The section on “Energy Dominance” is largely unchanged from last year. It directs agencies to focus their efforts on “early-stage” technologies and ensure that federal energy R&D investments “continue to reflect an increased reliance on the private sector to fund later-stage research, development, and commercialization of energy technologies.” The section does include a new reference to investing in user facilities as a way of improving collaboration with industry and academia.

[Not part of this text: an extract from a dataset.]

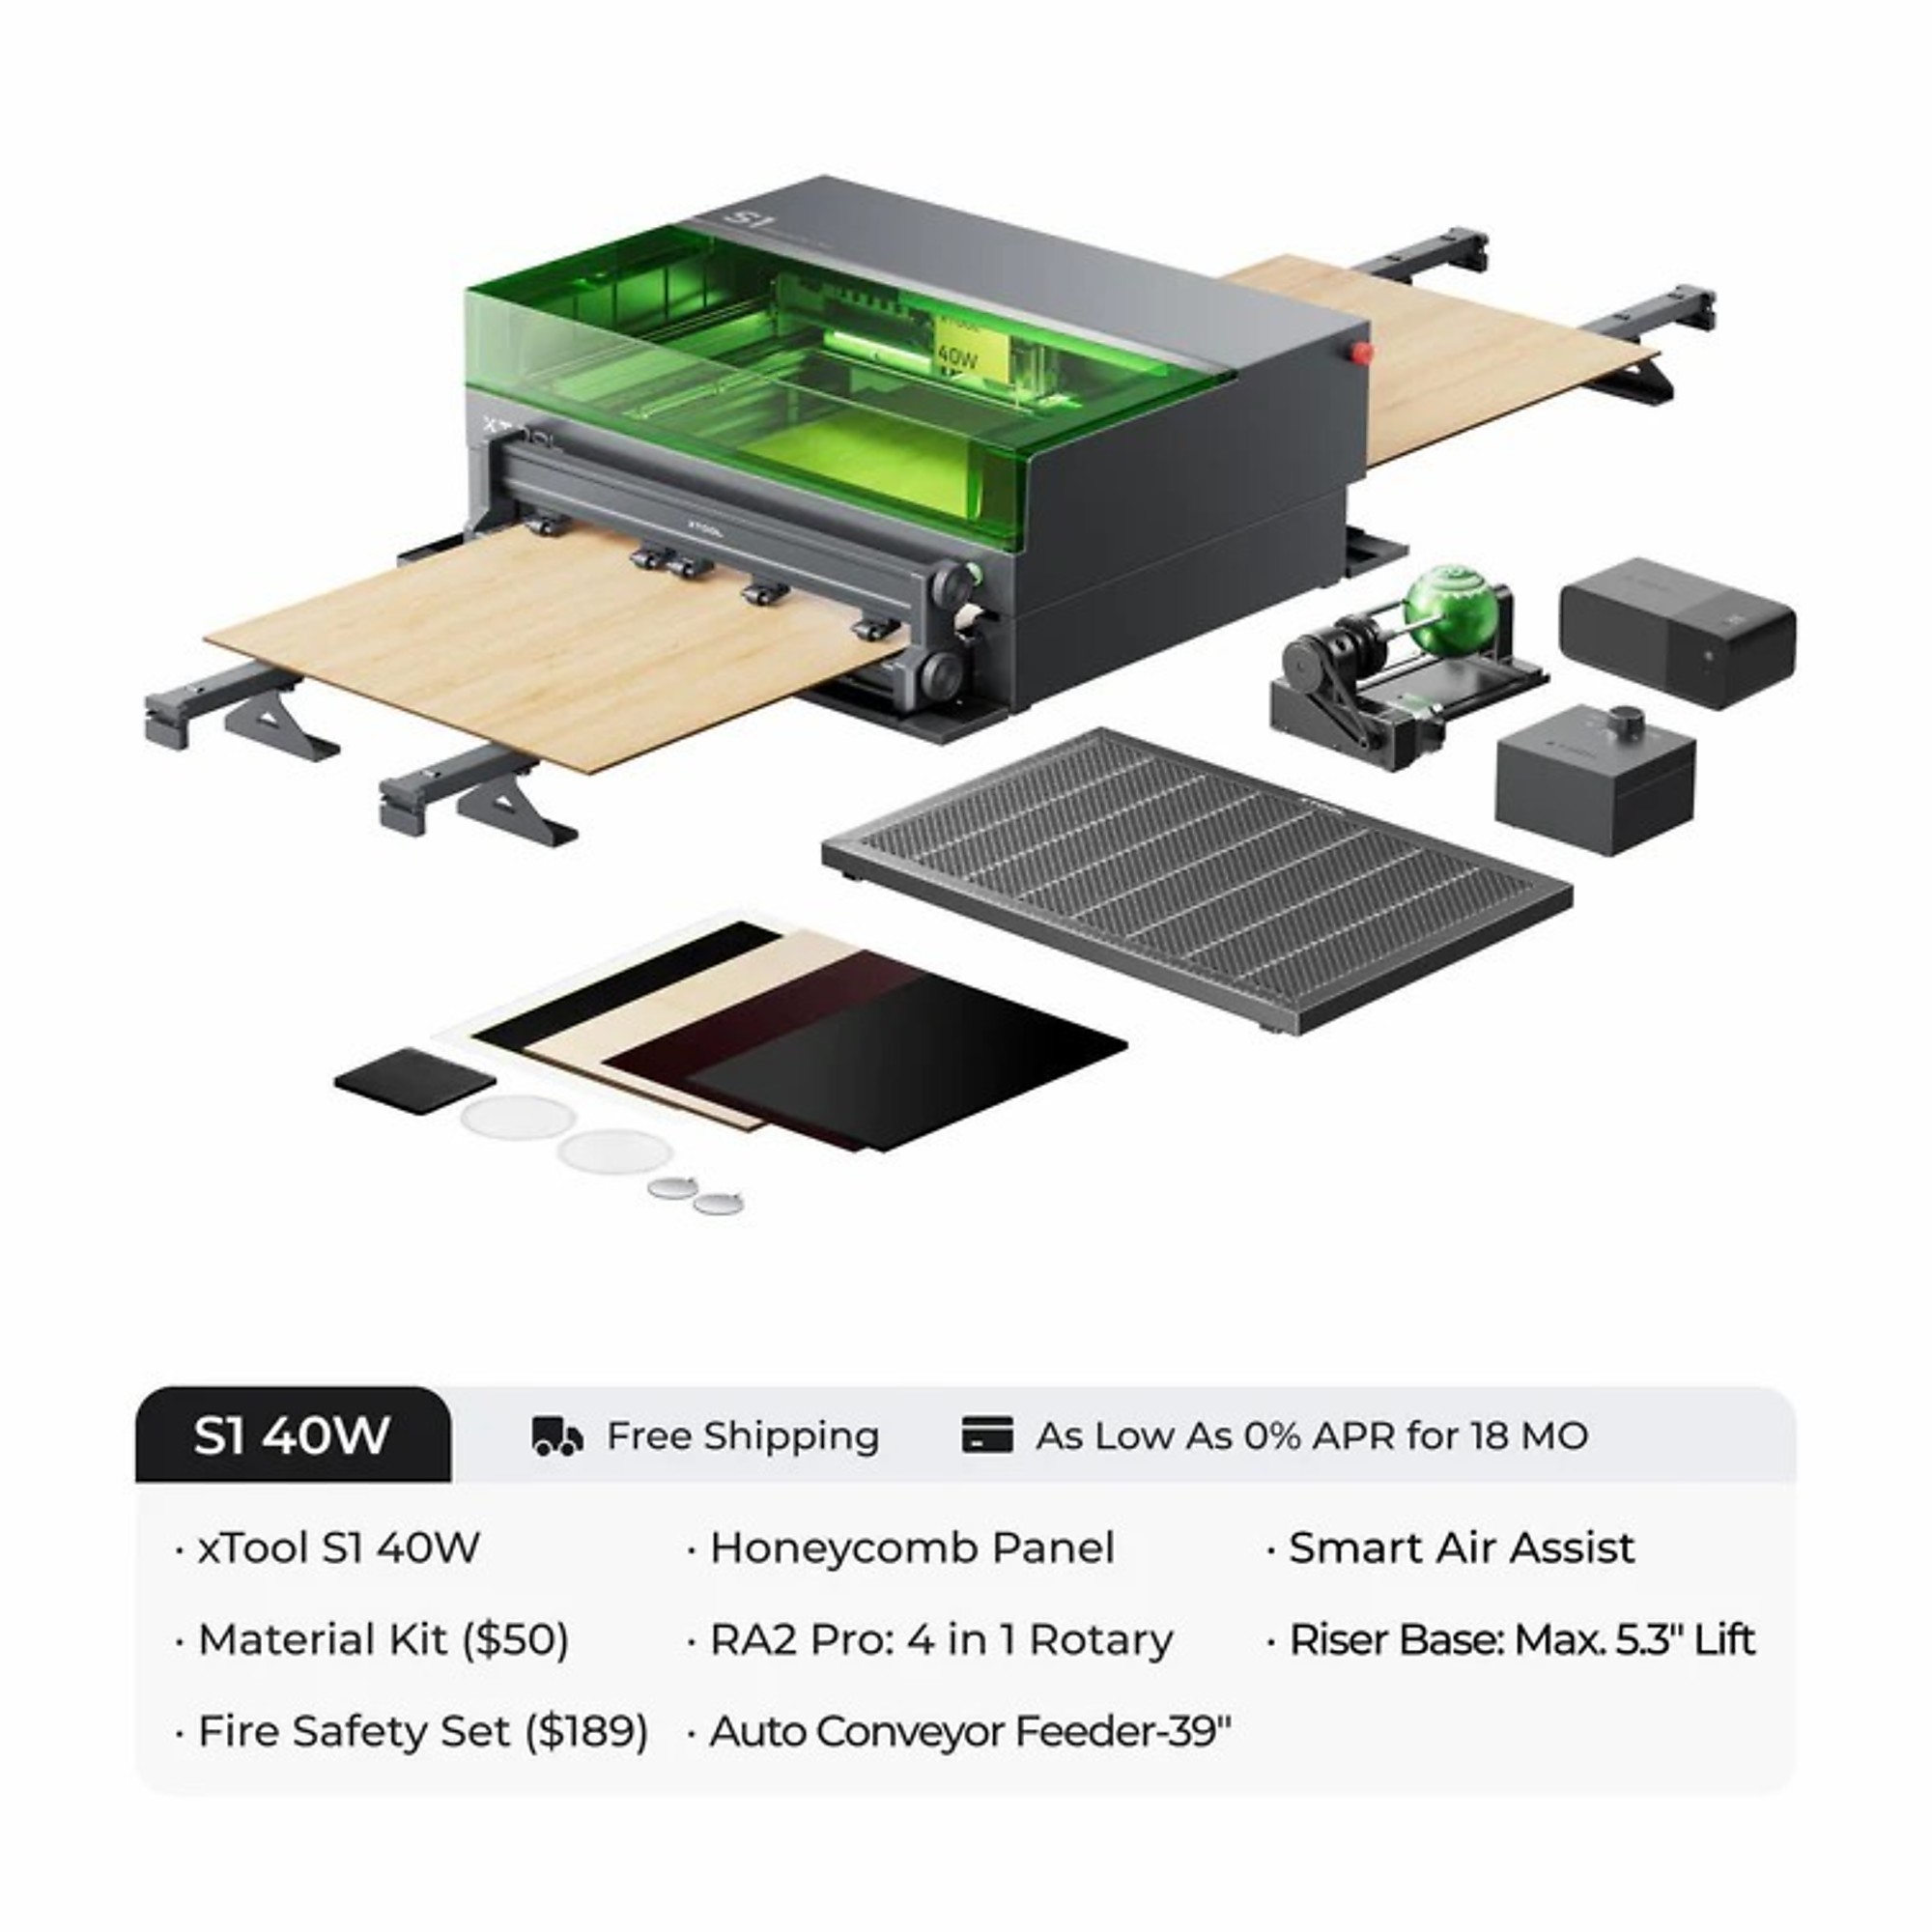 xTool, Laser Cutter and Engraver, 40w, 600mm/s,, Working Width 25.98 in, Working Length 33.86 in, Laser Power 40 W, Model P1030508-P5010290-P5010279-

While last year’s memo made passing references to machine learning and quantum computing, this year’s dedicates a section to artificial intelligence (AI), quantum information science, and “strategic” computing — identifying them as “critically important” to U.S. national security and economic competitiveness. The importance of AI, machine learning, and other enabling computing technologies is also stressed elsewhere in the document. For instance, a new section on manufacturing identifies semiconductor fabrication and AI-enabled industrial robotics as key investment areas.

A new section on space exploration directs agencies to focus research investments on supporting “long-duration spaceflight, in-space manufacturing, in-situ resource utilization, long term cryogenic fuel storage and management, and advanced space-related power and propulsion capabilities.” It also identifies microgravity research as a promising field for developing new biopharmaceuticals and materials. Although the Trump administration has made space exploration a priority from the outset, last year’s memo only made a brief reference to space-related R&D.

Again absent is any reference to climate research, a departure from previous administrations. The most prominent environment-related priority is a new section on agriculture that directs agencies to focus on R&D that enables precision agriculture and aquaculture techniques. It also instructs agencies to prioritize “pre-competitive” research in gene editing technologies that have agricultural applications.

The remaining two sections focus on medical innovation and autonomous vehicles.

New emphasis on technology transfer efforts

The memo also identifies five “R&D priority practices,” which range from modernizing research infrastructure to preparing the U.S. workforce for jobs of the future through STEM education.

It again emphasizes that workforce training efforts should leverage experiential learning methods such as apprenticeships and include Americans from underrepresented groups and both urban and rural areas. It also reiterates that agencies should seek to divest from obsolete facilities and use the National Science and Technology Council to coordinate cross-government initiatives.

The memo places a new focus on improving the transfer of federally funded technologies to the private sector, instructing agencies to “prioritize and highlight lab-to-market initiatives” in their budget proposals. It also directs agencies to use public-private partnerships to “align basic research with future private sector needs, establish testbeds and datasets reflective of real-world conditions, transfer techniques and technologies across sectors, and more quickly diffuse basic research results to the private sector.”

The addition reflects how the administration made improving federal technology transfer efforts an official cross-agency goal earlier this year.